Hoje, esse acordo está fazendo barulho. Muito forte. E a raiva de Trump não surge por capricho pessoal, mas porque Milei teria desobedecido a cláusula mais importante: distanciar-se totalmente do gigante asiático. Para os americanos, a China não é um parceiro: é o inimigo sistêmico que ameaça sua hegemonia econômica e militar. Quando a Argentina flerta com os chineses, mesmo que seja para questões comerciais básicas, isso em Washington é lido como deslealdade.

E aí está o ponto: a pressão dos Estados Unidos não é simbólica. É real. É concreta. Mede-se em créditos, empréstimos, apoio financeiro e gestos diplomáticos que são oferecidos ou retirados conforme a obediência do receptor. E Milei, que em seus discursos se vende como paladino da liberdade, termina preso no pior lugar: depender da carteira alheia sem poder estabelecer suas próprias regras.

A falsa épica da “aliança natural”

A narrativa da “aliança ideológica” entre Trump e Milei funcionou enquanto as câmeras estavam ligadas: liberdade, capitalismo heroico, luta contra o socialismo imaginário. Mas por trás dessa cenografia existem interesses concretos: rotas marítimas, energia, lítio, bases militares, contratos tecnológicos e veto a qualquer aproximação chinesa.

Se o presidente argentino não cumprir essas condições, não há glamour libertário que o salve. Os americanos não se casam com ninguém. E muito menos com um país periférico que depende de créditos para sobreviver. O que para Milei é “liberdade”, para os Estados Unidos é controle geopolítico.

China: a desculpa ou o problema real

O vínculo com a China não é uma questão ideológica: é uma necessidade. A Argentina exporta alimentos, precisa de investimento em infraestrutura e depende de mercados que comprem o que produzimos. A China desempenha esses três papéis. Em contrapartida, os Estados Unidos oferecem apoio financeiro condicionado e um papel subordinado em seu tabuleiro geopolítico.

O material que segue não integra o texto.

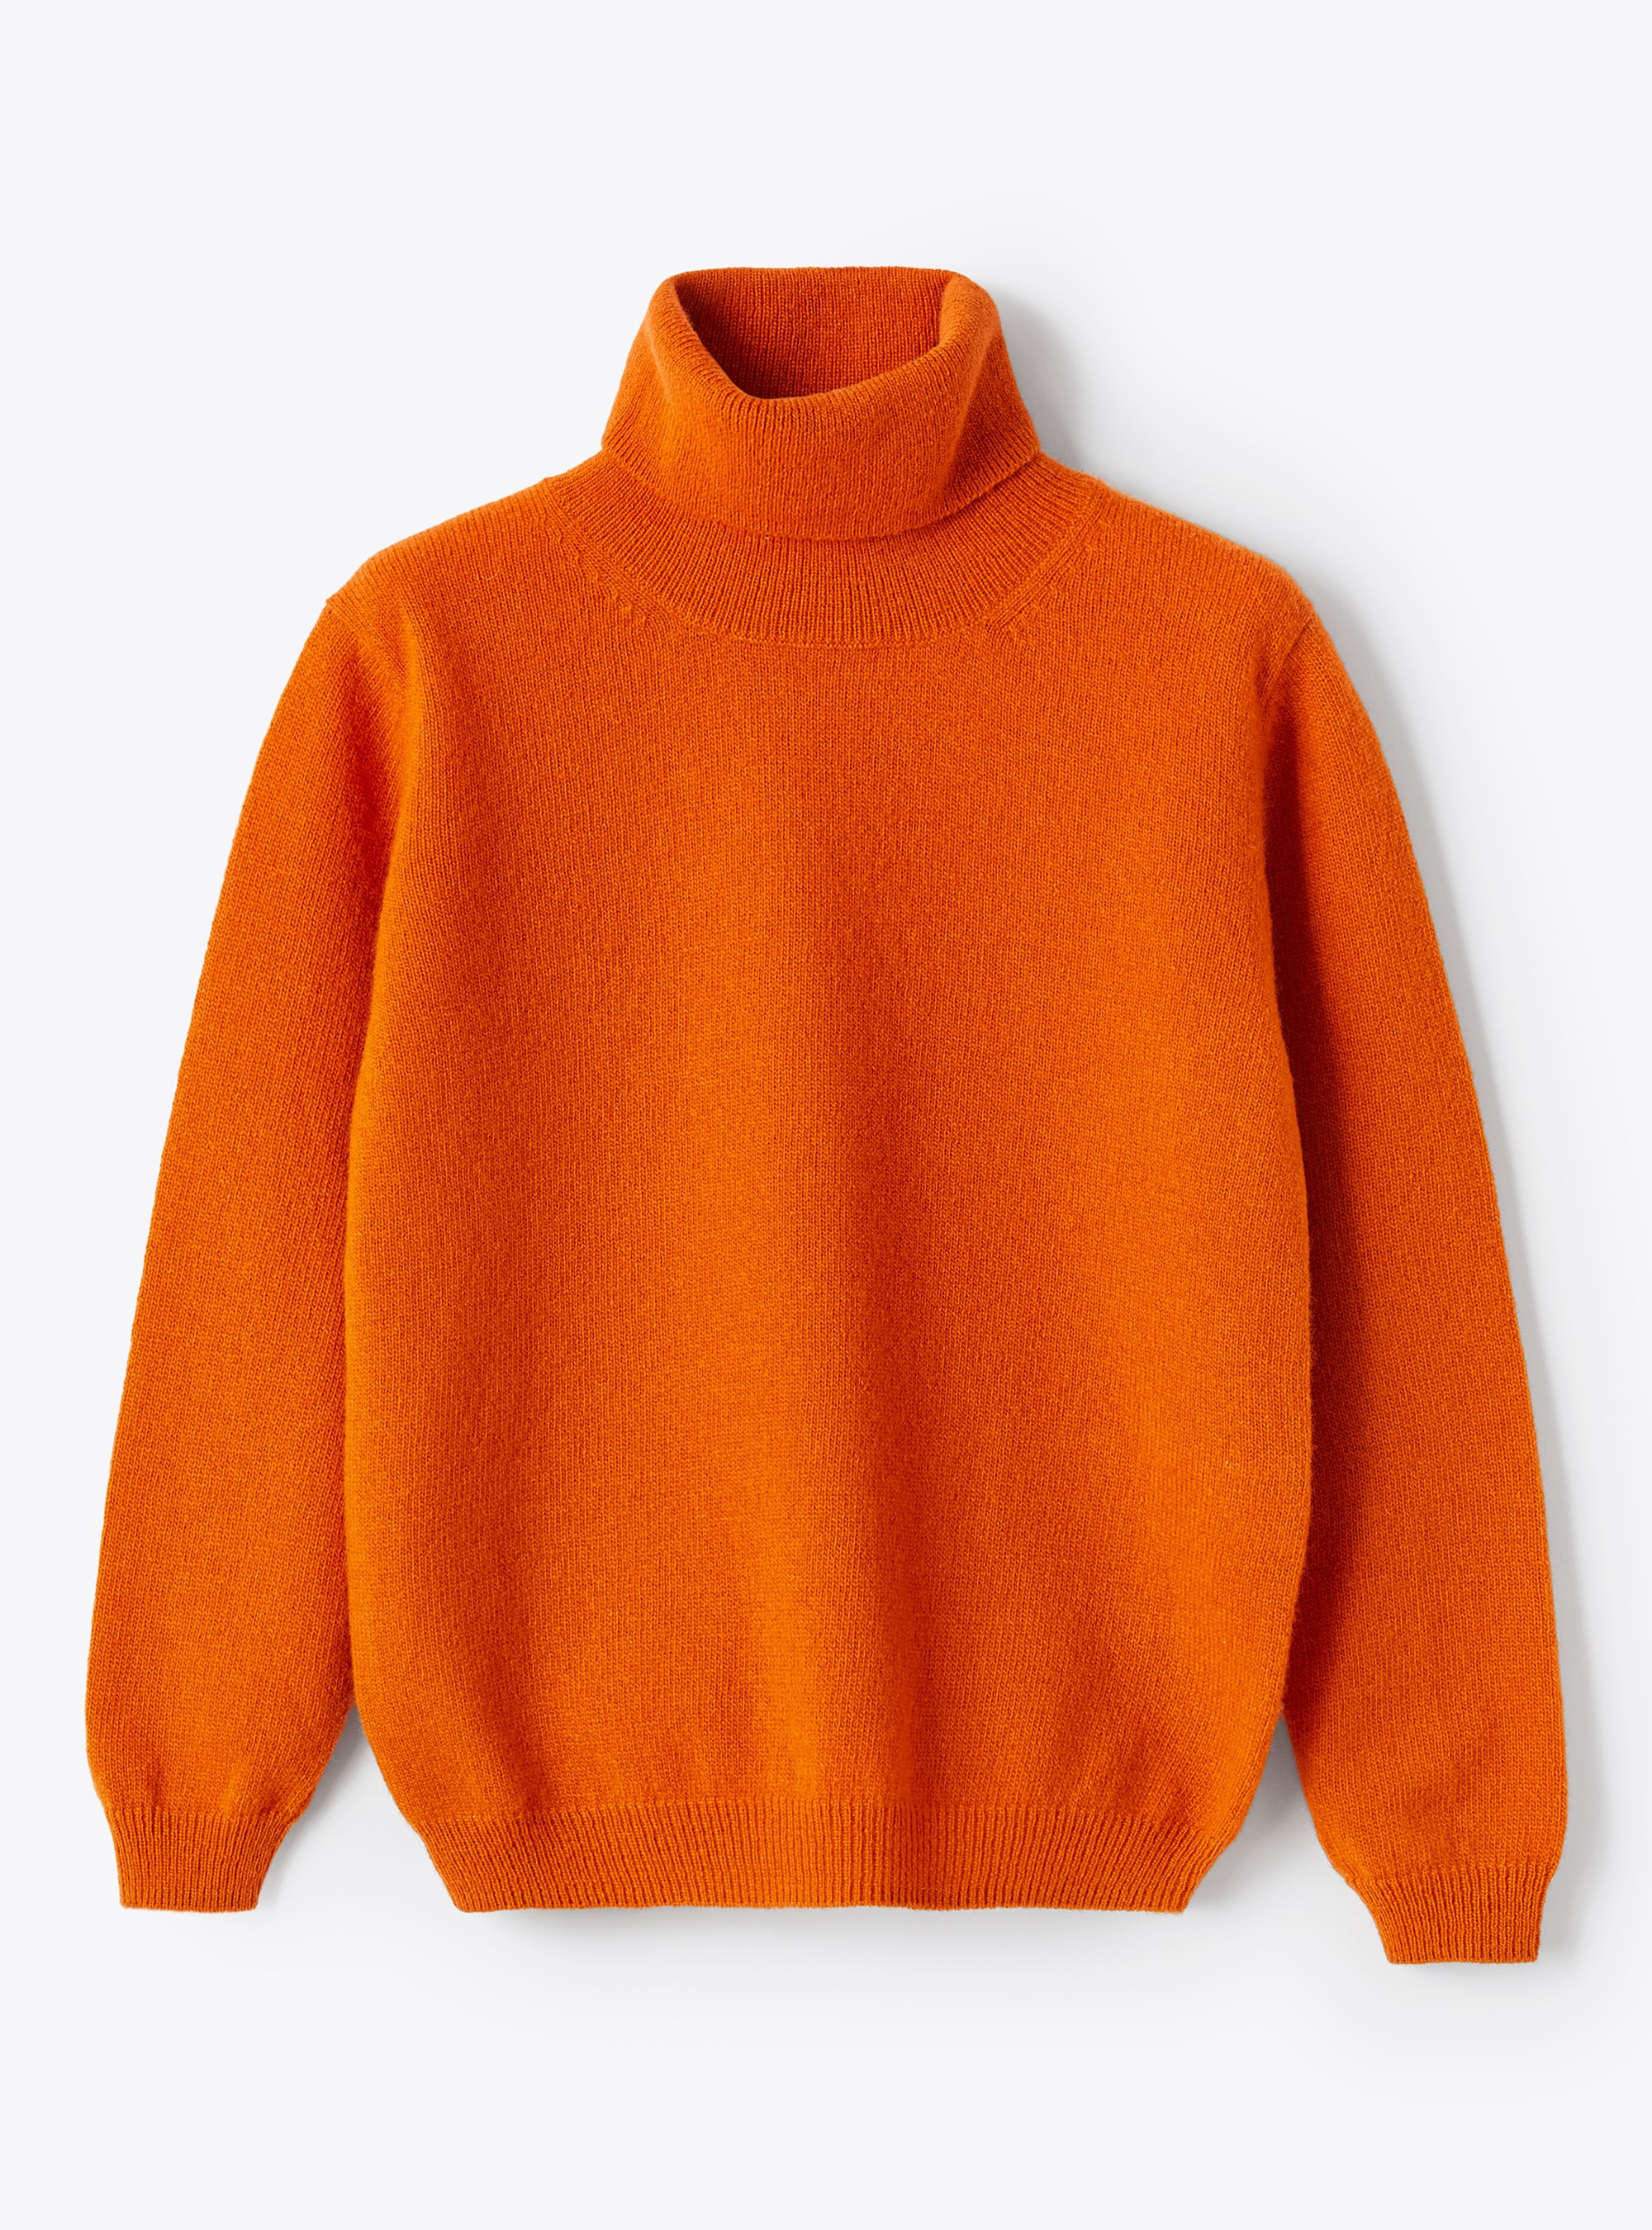 Dolcevita in lana merino arancio - Arancione | Il Gufo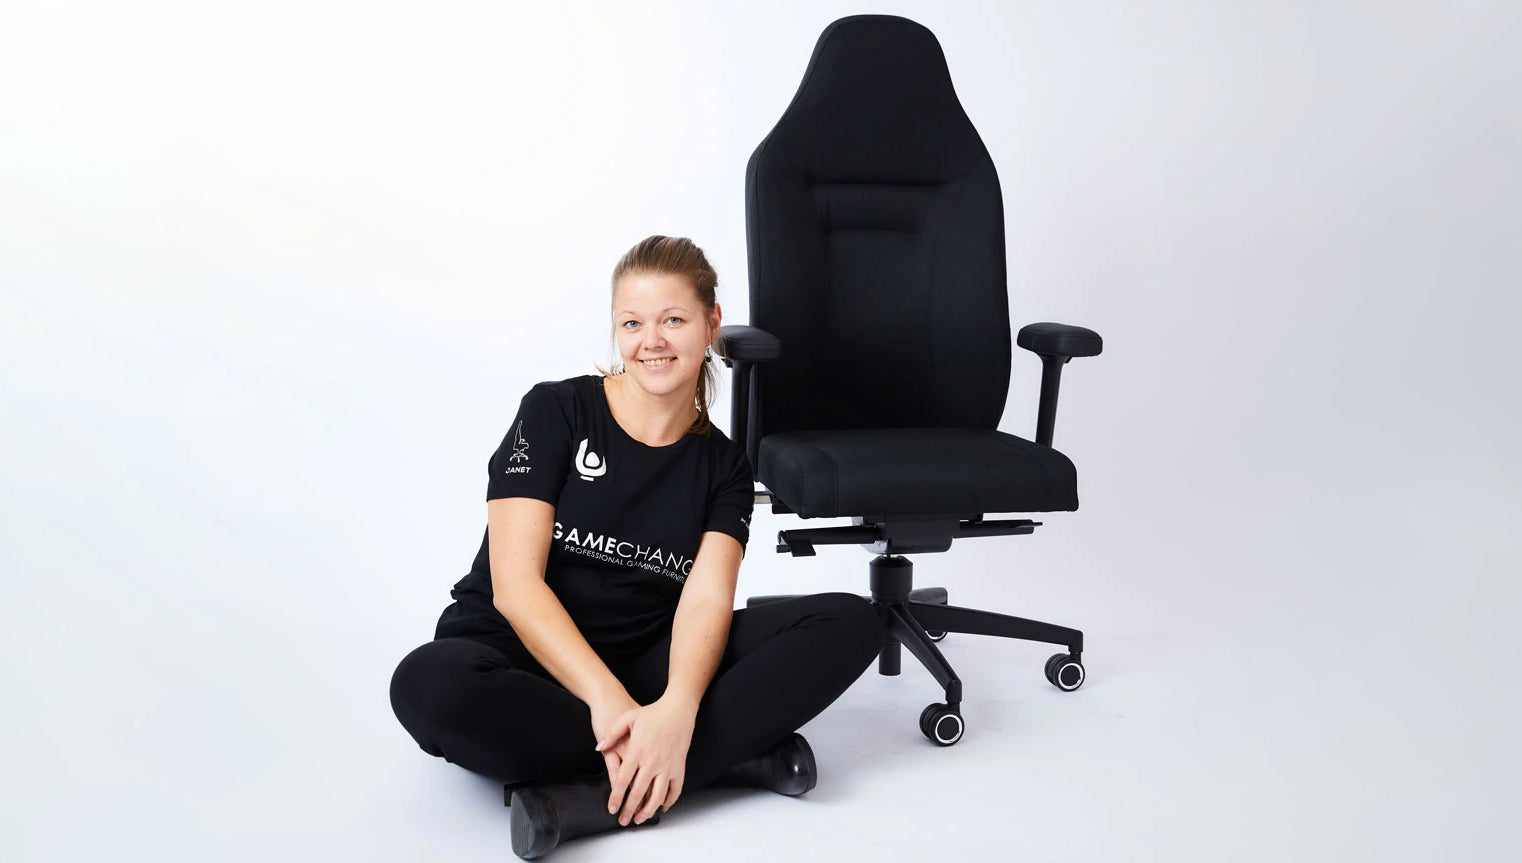 Janet Carstensens ist Gründerin der Firma Gamechanger und eine unserer Female Founders auf Shopify.

Quando Milei tenta jogar em ambas as frentes, fica preso. Porque o mundo atual não permite neutralidades confortáveis: ou você joga com uma potência ou com a outra. E se escolher os Estados Unidos, a China fechará portas. Se escolher a China, os Estados Unidos cortarão sua luz financeira. Esse é o nível do dilema.

A verdadeira discussão: soberania ou dependência

Esse choque entre Milei e Trump expõe algo que os governos argentinos costumam maquiar para não enfrentar:
não existe soberania se sua economia depende de fundos externos, da aprovação do Tesouro americano, ou do humor de uma Casa Branca que muda a cada quatro anos.

Um país soberano negocia.
Um país dependente obedece.
E a Argentina, infelizmente, há muito tempo vive na segunda linha.

Milei pode vociferar sobre liberdade tudo que quiser, mas se precisar de financiamento externo para sustentar seu programa econômico, inevitavelmente ficará sob a tutela de quem empresta o dinheiro. E neste caso, quem coloca o dinheiro exige que se rompa com a China, que o gabinete seja ajustado, que o país seja organizado de acordo com as prioridades estratégicas de Washington.

Isso não é aliança.
Isso não é amizade.
Isso é subordinação.

O desfecho: romper com a China ou desafiar o império?

Se Milei decidir manter vínculos com a China, o apoio econômico e político dos Estados Unidos poderá evaporar. Se decidir cortar com a China para satisfazer Trump, a Argentina perderia um de seus parceiros comerciais mais importantes e ficaria atada a uma relação desigual com Washington.

Não há saída fácil.
Não há neutralidade possível.
Mas há algo claro: a política externa não pode se basear em fanatismos ideológicos, mas em interesses nacionais. E até agora, o governo argentino parece mais preocupado em satisfazer as potências do que em defender seu próprio destino.